Halley v. Ohio Co.

Decision Date27 November 1995
Docket NumberNo. 68260,68260
Citation107 Ohio App.3d 518,669 N.E.2d 70
PartiesHALLEY et al., Appellants, v. OHIO COMPANY, Appellee.
CourtOhio Court of Appeals

McDonald, Hopkins, Burke & Haber Co., L.P.A., Thomas C. Schrader, Joseph E. McGraw and Erica L. Eversman, Cleveland, for appellants.

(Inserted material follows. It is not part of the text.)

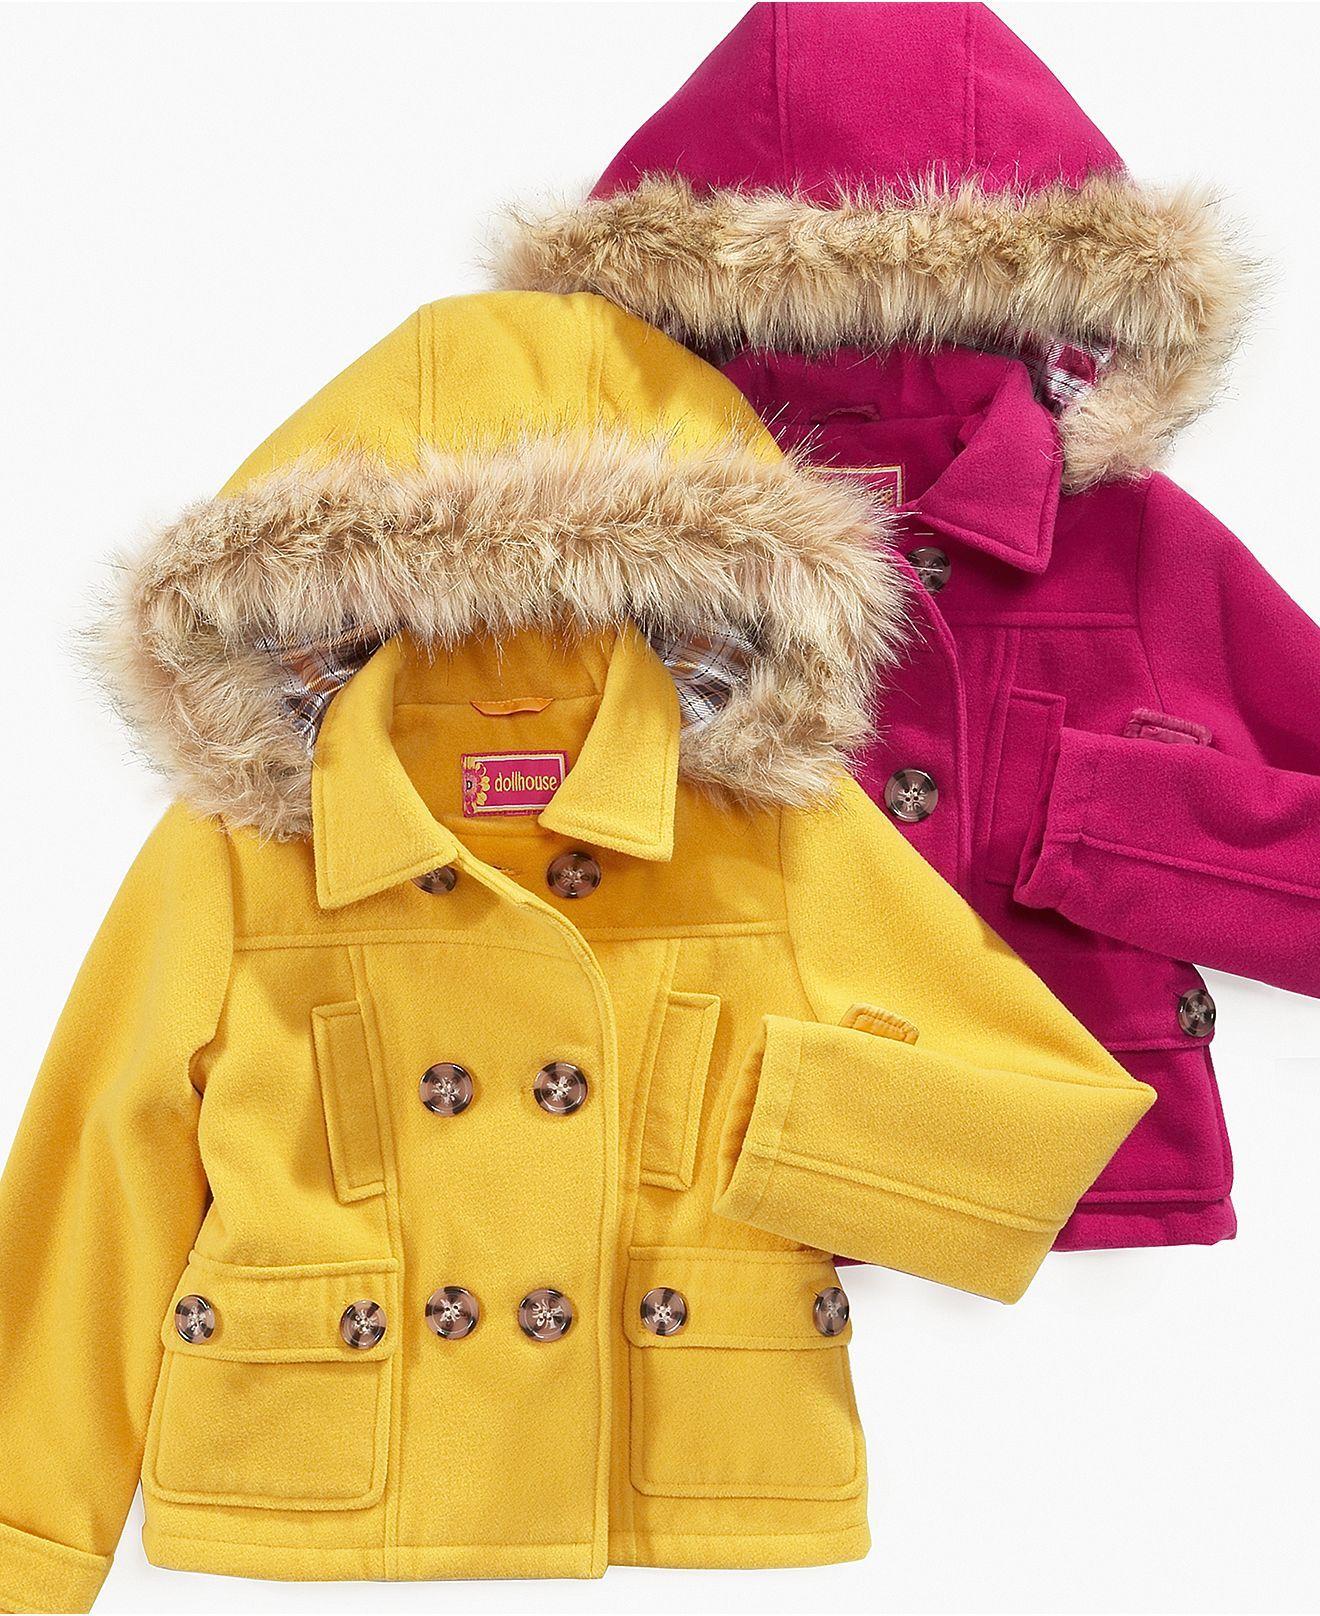 Girl S Dollhouse Kids Jacket Macy S Cute Coat For My Sweet Girl Faux Fur Pea Coat Kids Jacket Girls Jackets Kids [ 1616 x 1320 Pixel ]

Carlile, Patchen & Murphy, Dennis J. Concilla and John E. Haller, Columbus, for appellee.

NAHRA, Judge.

Plaintiffs H. Myron Halley, M.D., Inc., the H. Myron Halley, M.D., Inc. Defined Benefits Pension Plan and Trust, H. Myron Halley, M.D. and Joan F Halley, appeal from the judgment of the Cuyahoga County Court of Common Pleas dismissing their complaint against defendant-appellee, the Ohio Company. For the following reasons, we reverse and remand.

The facts as alleged in the complaint are as follows:

Appellants H. Myron Halley, M.D., and Joan F. Halley are participants and trustees of appellant the H. Myron Halley, M.D., Inc. Defined Benefits Pension Plan and Trust ("Pension Plan"). The Ohio Company, a full service brokerage firm, at all times relevant to this action, assisted the cotrustees (Dr. and Mrs. Halley) with the management, investment, distribution, transfer and control of Pension Plan assets. The Halleys placed Pension Plan assets under the control and management of the Ohio Company.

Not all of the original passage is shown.